Despite fulfilling the conditions for both a Chinese variety of English and ELF, the CAWSE corpus can also be seen as representative of learner English. All the data in our corpus have been collected during the preliminary-year courses of the undergraduate program or the pre-sessional course of the Master’s program, and these courses are delivered by certified English language teachers and focus on English for Academic and Specific Purposes (EAP or ESP). Many of the teaching materials, classroom activities, and assessments are explicitly aimed at enhancing the language proficiency and academic skills of the students. From this perspective, the students at UNNC, or at least those whose L2 English samples we have collected, may not be so much competent users of a ‘legitimate’ variety of English as they are also English language learners, whose deviations are often a target for correction.

In this paper, we will therefore use the dual character (language learning / lingua franca) of the CAWSE corpus to argue that the notions of ‘errors’ and ‘ELF’ are not always mutually exclusive, and the attribution relies heavily on the context. In addition, it is also believed that in many respects the difference between these speakers is contextual: when learners leave the classroom and use English, they immediately become ELF speakers, proficient or not. Although data processing (including transcription and annotation) and validation work such as double-checking in our corpus is still a work in progress, a number of patterns have already emerged during the annotation of forms at lexico-grammatical and pronunciation levels that deviate from the so-called ‘native’ varieties of English. Since UNNC is fundamentally part of The University of Nottingham based in the UK, we have used British English as a point of reference. This paper will report those findings arising from samples of this EMI corpus across registers, modalities, and settings.
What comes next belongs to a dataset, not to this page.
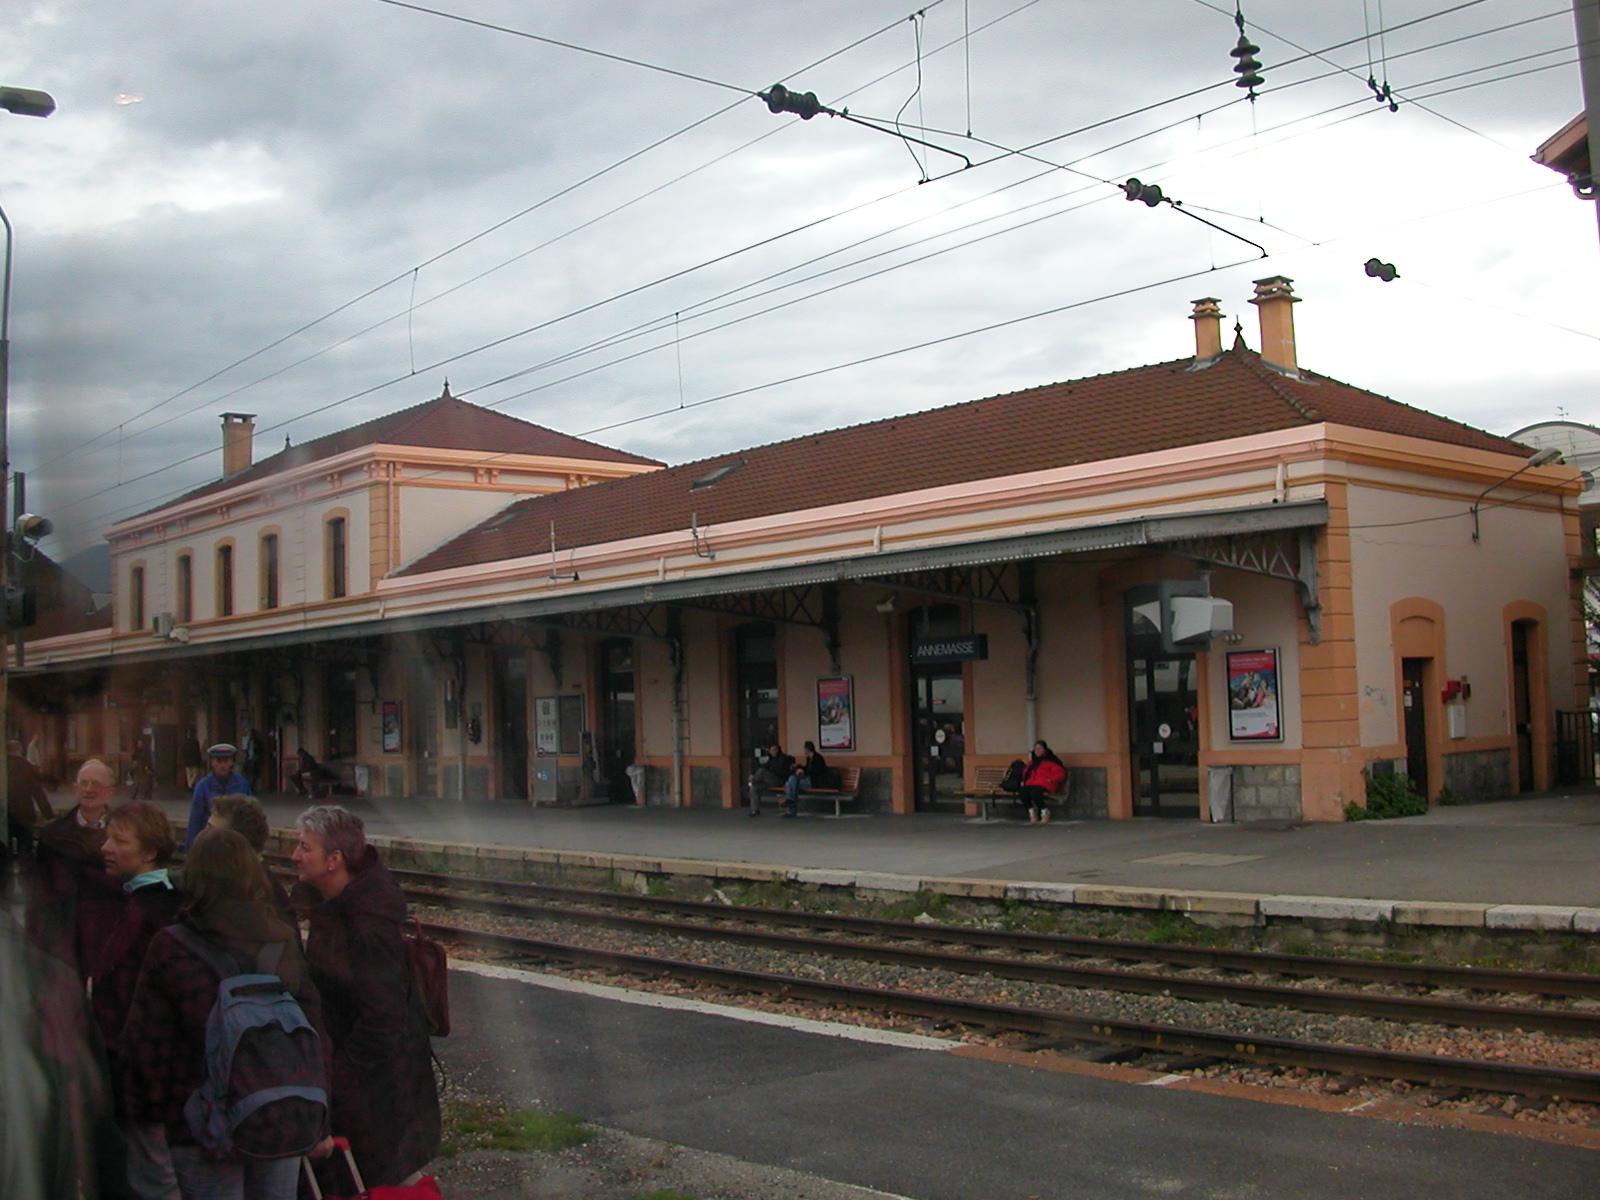 Gare annemasse - Office tourisme annemasse ...

Our examples will be taken from the transcription and annotation work conducted so far on three sub-corpora: i) the subcorpus of written academic English, ii) the subcorpus of spoken academic English (transcription of audio recordings primarily taken from spoken assessment tasks), and iii) the multimodal subcorpus based on video recordings of pair and group-work filmed in authentic classroom settings. In presenting this array of samples, we acknowledge that writing and speaking should be treated differently because speaking is often spontaneous without the luxury of selecting words or forms carefully whereas academic writing tends to conform much more strictly to standards and traditional ‘norms’. Nevertheless, by juxtaposing examples from the three different sub-corpora, the purpose of this paper is also to examine the notion of deviation more broadly. Formats such as written texts, spoken presentations, and group work activity each provide a different context or ‘ecology’ for seeing how deviations might manifest.
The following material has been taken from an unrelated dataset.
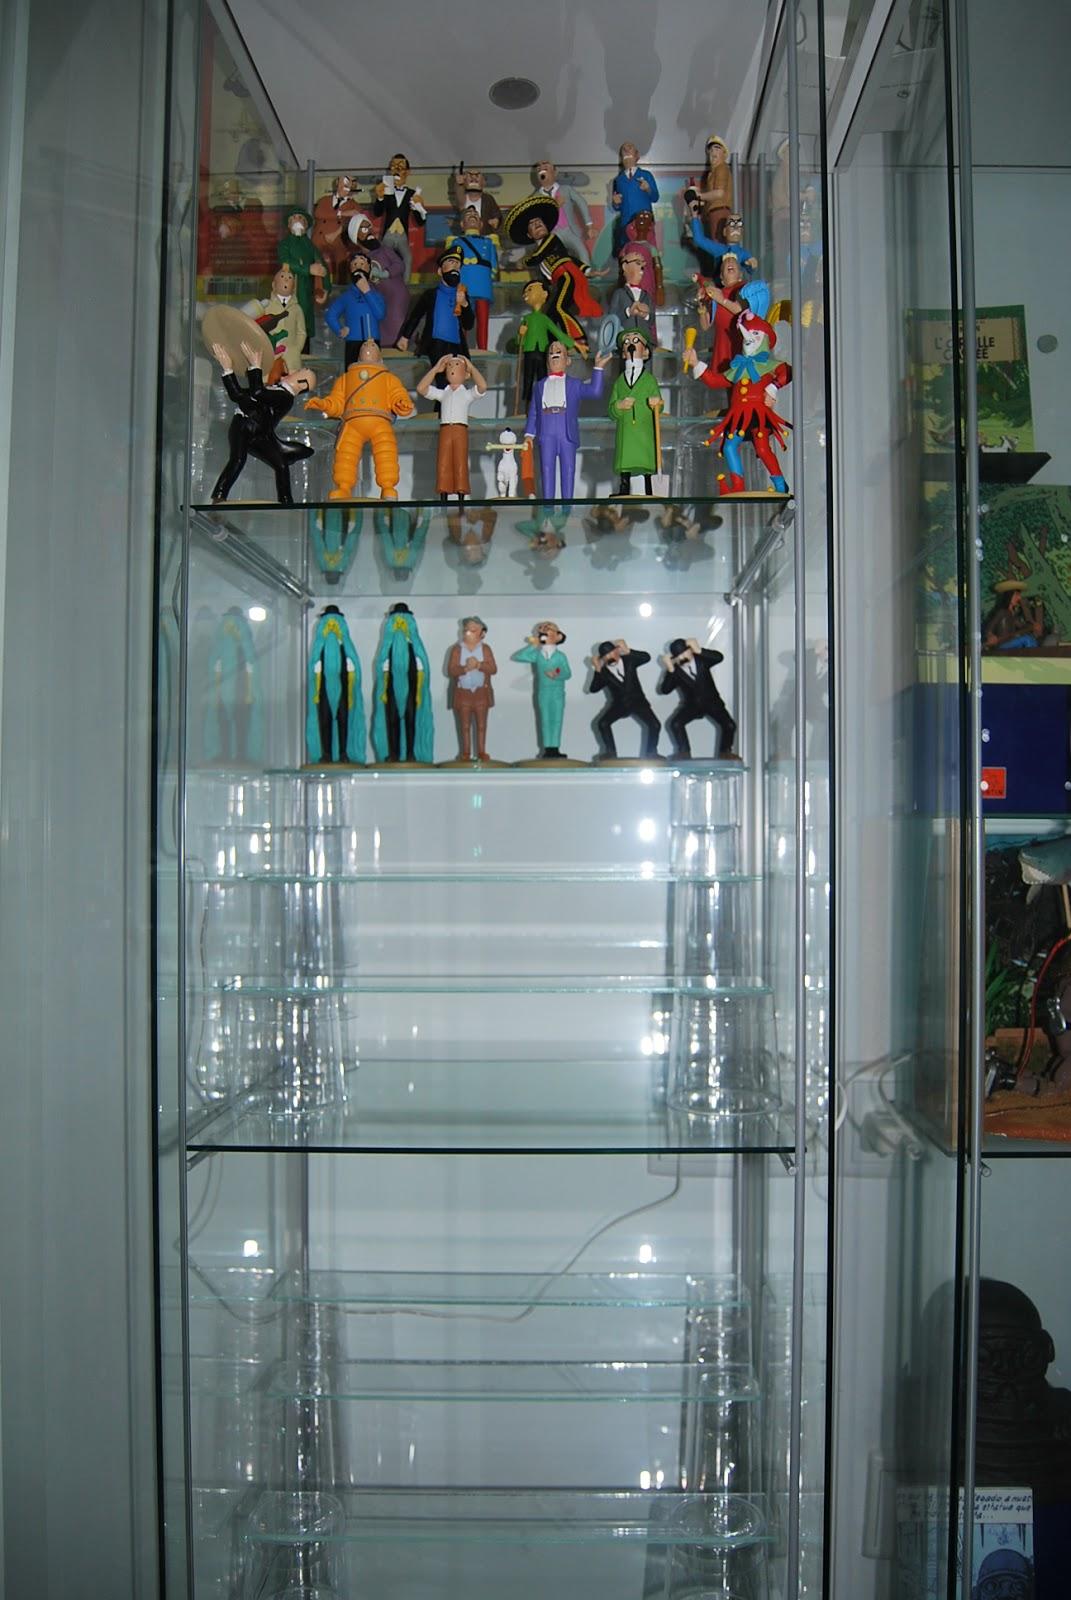 Tintin la aventura de coleccionar colecci n de figuras - Baldas de cristal ...

The paper will continue with a discussion of the differences between ELF and World Englishes (Section 2), focusing on the notion of Chinese English, which provides the background for turning to the notion of errors in English Language Teaching (ELT) and Second Language Acquisition (SLA). We then explain the methods we have used to build CAWSE and to annotate the data on which our study of deviations has been based (Section 3). The results are structured to show a selection of corpus examples from the perspectives of errors vs. ELF, Chinese English, and the multimodality of the corpus (Section 4), before concluding the paper (Section 5).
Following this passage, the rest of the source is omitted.